Oh ok. So is this a hardware problem, or would reflashing the device fix it?

Hi there, it’s hard to tell for sure, but often times it means that the mmc is nearing the end of life. I would suggest you try the same device with a brand new mmc to rule out any other issues.

1 Like

Looks like a hardware problem to me.

After returning to this much later, this problem persists.

Even after switching to a completely new device and new carrier board I still have this problem. You can see the output from trying to access the CUDA cores.

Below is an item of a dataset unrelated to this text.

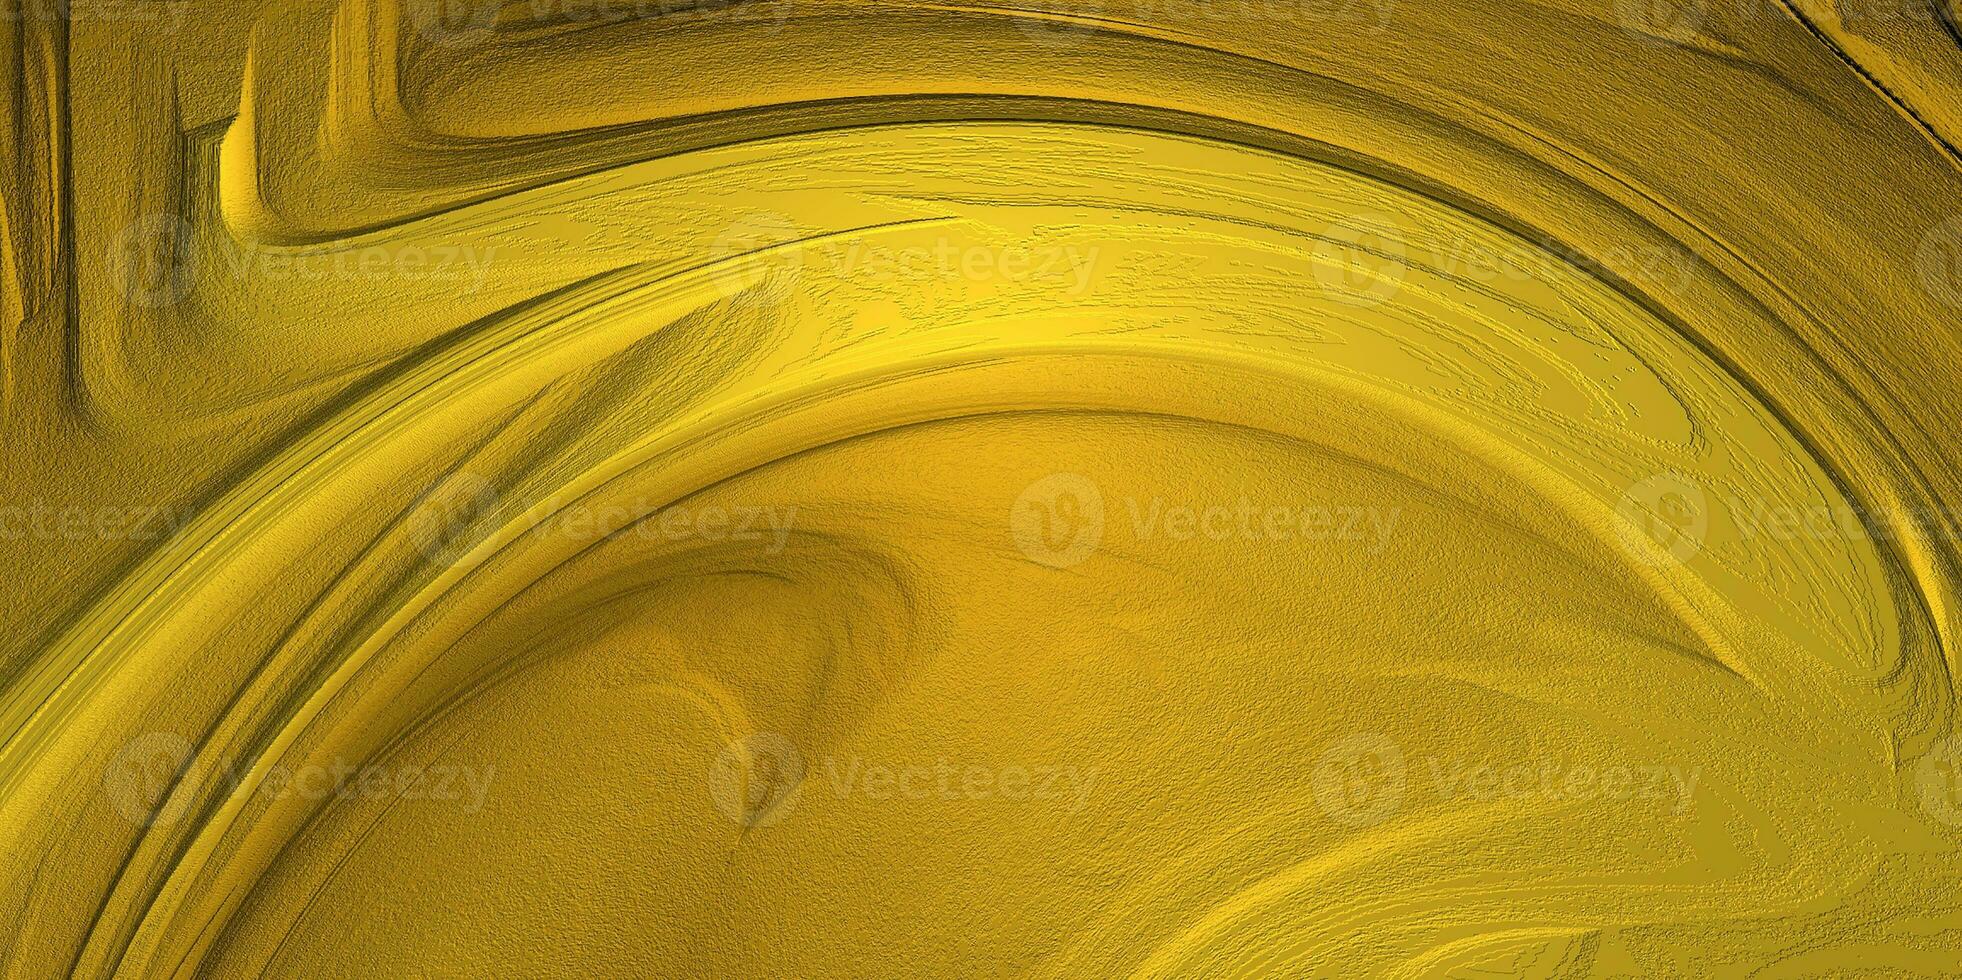 fundo abstrato de alta qualidade de textura de parede amarela e laranja foto

 compute_capability = 620, cudnn_half = 0 
layer     filters    size              input                output
   0  Try to set subdivisions=64 in your cfg-file. 
CUDA Error: all CUDA-capable devices are busy or unavailable: Invalid argument: [...] Assertion `0' failed.
Demo
CUDA status Error: file: ./src/cuda.c : () : line: 203 : build time: Feb 19 2020 - 22:33:15 
CUDA Error: all CUDA-capable devices are busy or unavailable
Aborted (core dumped)

The device is https://dashboard.balena-cloud.com/devices/966d4ecab74231ab4e1a7126e32cdf69
Support is enabled for 1 week. I haven’t been able to make any development progress for months due to this issue.

Feel free to do anything you want (reboot, update OS, whatever) to get it working.

Is there any way to roll back to an older OS version? It’s working with balenaOS 2.45.1+rev1
but not balenaOS 2.47.0+rev5

Maybe that would help?

Hey there!

Are you able to ssh into the device? I am not able to access the hostOS.

We noticed you are using a production OS. Would you be able to flash the device(or another one) with the dev variant and try to ssh again?
If you are unable to ssh into the device, perhaps you can access it via serial?

This would help us gather logs from the device so we can further determine what is going on.

Thanks

weird, should be fixed now. Try again?